Theoretische und angewandte Ethik ist das Spezialgebiet des Philosophen Julian Nida-Rümelin. Der frühere Kulturstaatsminister im ersten Kabinett von Kanzler Gerhard Schröder (SPD) warnt davor, der Staat könnte seinen Bürgern in der Flüchtlingsfrage überfordert erscheinen.

Ist Deutschland moralisch verpflichtet, auch dann Flüchtlinge aufzunehmen, wenn das den Interessen des Staates widerspricht?

Nida-Rümelin Ja, die Interessen Deutschlands können in der Frage nicht allein ausschlaggebend sein. Es gibt darüber etwas, das schon Kant ein "allgemeines Hospitalitätsrecht" genannt hat. Das besagt, dass alle Bürger, die ihren Staat aus welchen Gründen auch immer verlassen, darauf hoffen dürfen, in einem anderen Staat aufgenommen zu werden. Das sorgt für einen humanitären Wettbewerb zwischen den Republiken.

Es geht doch eher darum, dass wenige privilegierte Einwanderungsländer auswählen wollen, wen sie aufnehmen. Ist das ethisch vertretbar?
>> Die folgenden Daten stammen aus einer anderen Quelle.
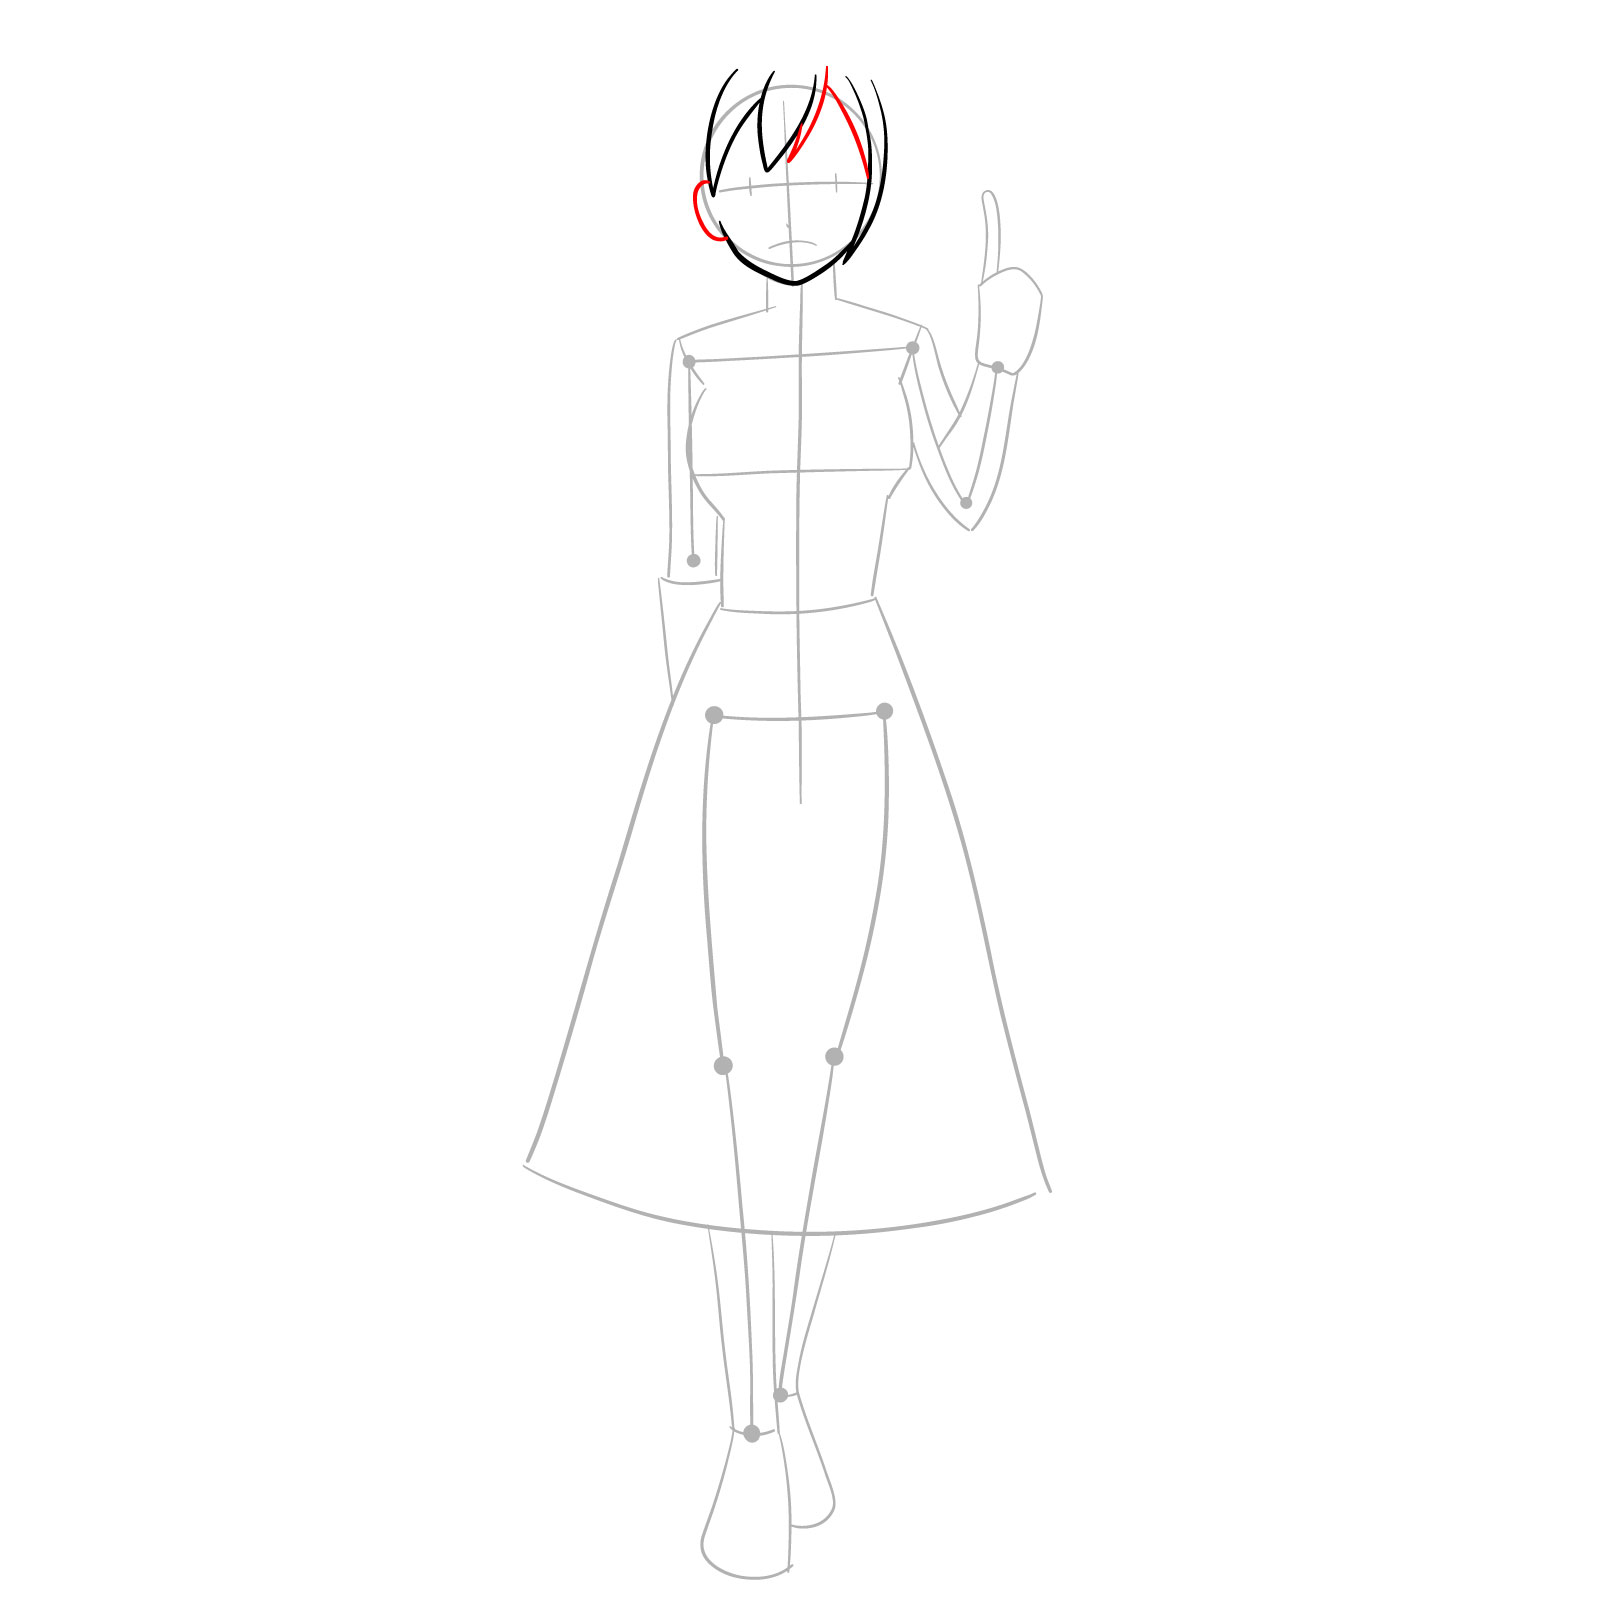 How to draw Lisanna Strauss from Fairy Tail - step 06

Nida-Rümelin Deutschland hat aufgrund des demographischen Wandels ein massives Interesse an Einwanderung, um seine sozialen Systeme aufrechtzuerhalten. Der Bedarf bewegt sich bei einigen 100.000 Einwanderern pro Jahr. Darum war es politisch eine große Eselei, nicht rechtzeitig ein Einwanderungsgesetz auf den Weg zu bringen. Die SPD ist das Gesetz zu spät angegangen, die CDU hat es blockiert, und nun fällt uns das Versäumnis auf die Füße, denn es fehlen die Mittel, um Zuwanderung steuern zu können.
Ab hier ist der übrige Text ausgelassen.